How is having DX locked down to a single OS a plus?
@Jack MS should port DirectX to Linux and OSX so they could claim the 1% of the PC gaming market that they don't already own.
@Murkurie OpenGL supports the ability for nVidia, ATI, et al. to create their own extensions. This means OpenGL _is_ the absolute cutting edge, but it requires that developers continue to learn and utilize these extensions. DirectX... you get what Microsoft gives you. Most game developer studios today in trying to keep costs low don't employ developers that really study these things. They hire Jimmy Richparents from Microsoft sponsored game schools who are trained on DirectX and don't really know any better.
@Jack Being "open" doesn't make something better. DirectX is way ahead of openGL. Look at OpenOffice, it's crap compared to Microsoft Office.
@VampireHunterZ
How is DX better if it doesn't work on your machine? Answer that and you'll see why OpenGL is better.
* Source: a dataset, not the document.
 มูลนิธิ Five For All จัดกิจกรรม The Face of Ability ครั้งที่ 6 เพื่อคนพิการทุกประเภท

@Jack You are once again arguing about the "openness" of the product and not it's performance. It doesn't matter if it runs on everything if it's performance is subpar. When I see something written in OpenGL that compares to Crysis I'll pay attention.
@Murkurie
3D graphics is all about shader programs and hardware features right now. The API around it is just a convenience for developers, so they don't have to write different code for different cards. That said, DirectX and OpenGL have exactly the same capabilities on the same hardware. DirectX has a much wider API that better matches current hardware features and provides better fallbacks, since Microsoft and GPU designers work together to sync their hardware and software releases. OpenGL does cutting-edge stuff through proprietary extensions, which means a little extra work for developers, but not much, ATI and Nvidia are basically the only ones making hardware that's ahead of the current OpenGL standards. That said, many developers -including me- find OpenGL a much nicer API to program to. Easy to learn, concise, portable, efficient, less hairy than DirectX in general. On mobile platforms OpenGL (ES) is the only way to go.
Anyway, to repeat myself: DirectX is not more powerful or more advanced than OpenGL or vice versa, just quicker to incorporate hardware developments directly into the API.
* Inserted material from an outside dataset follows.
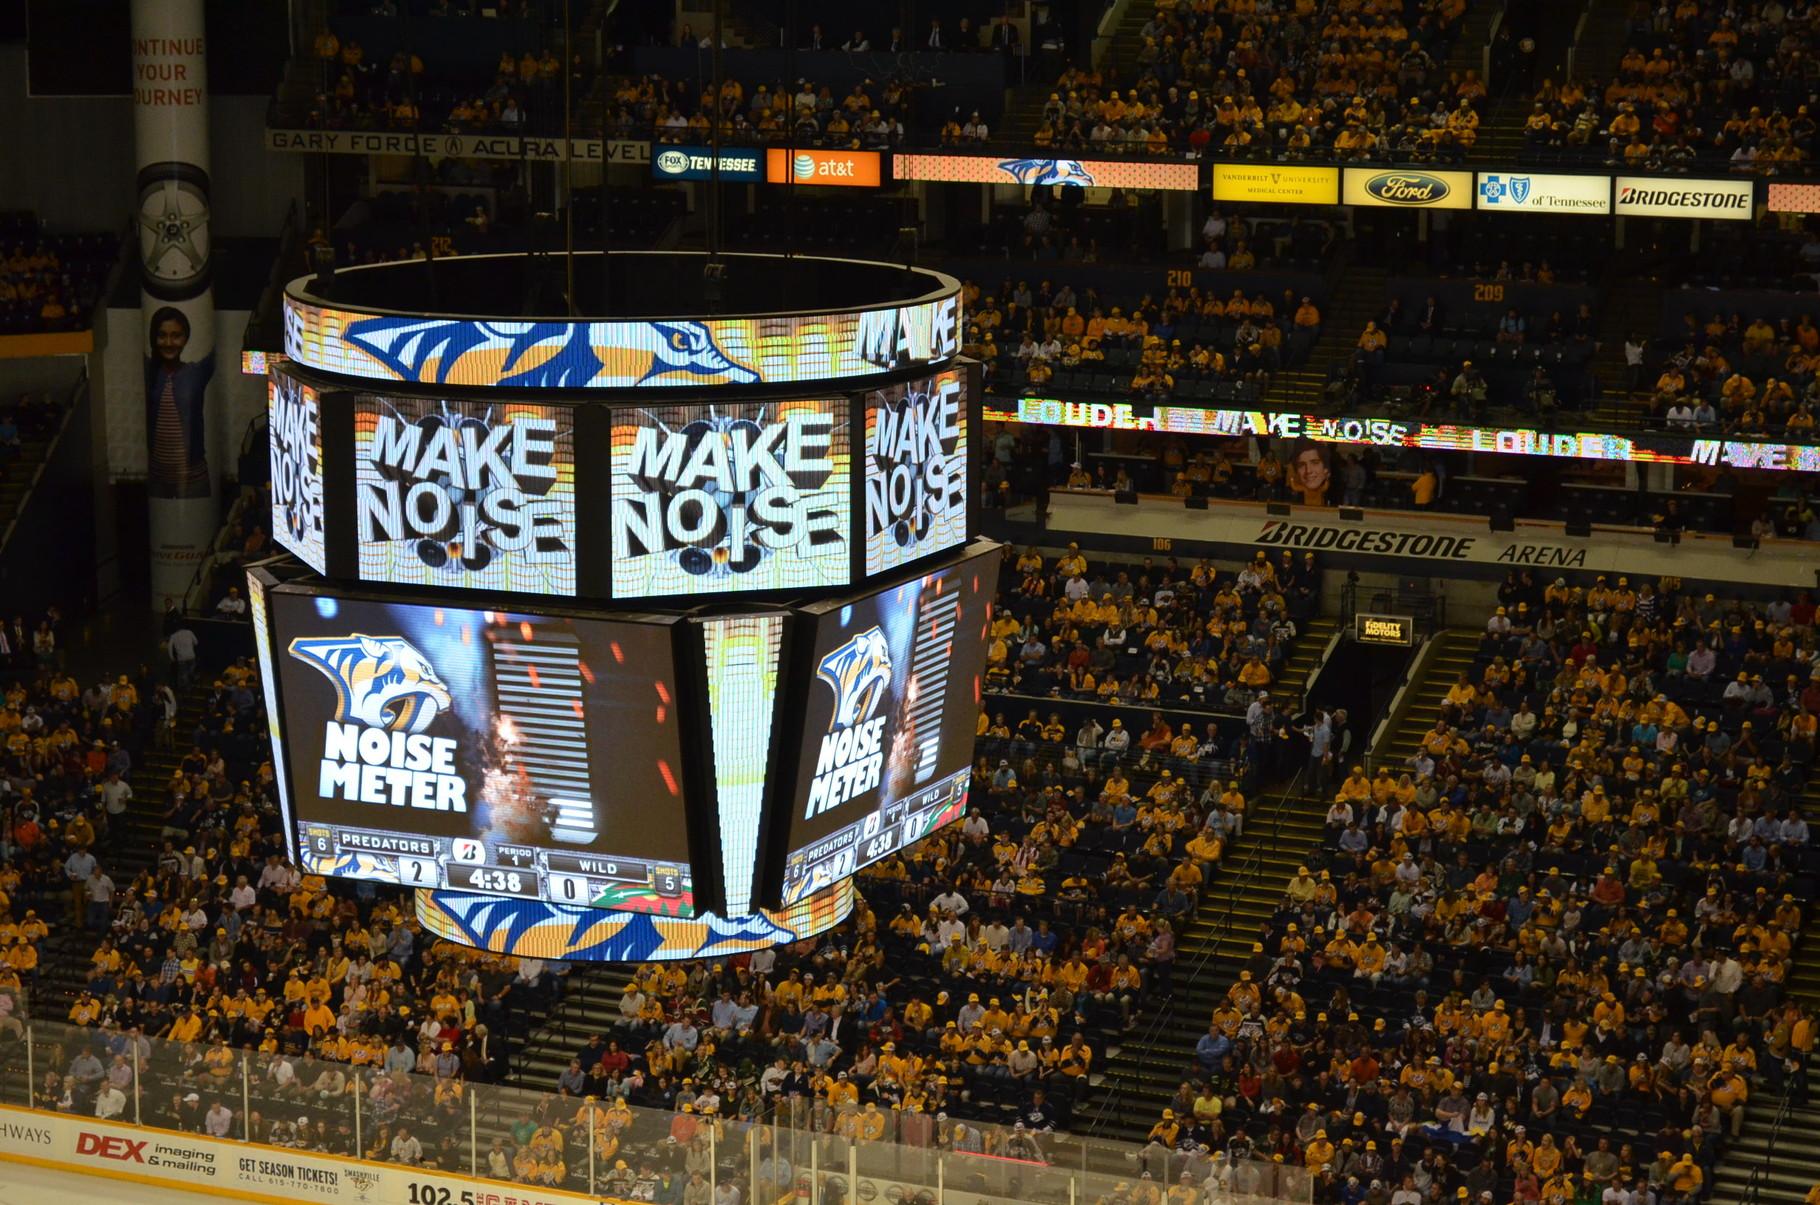 Make Noise!

@VampireHunterZ You use Open Office and MS Office as comparisons for 3D APIs that run on the same hardware using the same under the cover calls? OpenGL can do everything Direct3D can and more. Period. The only thing these versions do is consolidate some of the previously existing vendor specific extensions into a singular interface. OpenGL is almost always the first API to get these features, but since they come from various vendors it's not necessarily easier to implement, but it's still "ahead" of Direct3D. With D3D you have to wait for Microsoft to give you an interface to perform that feature.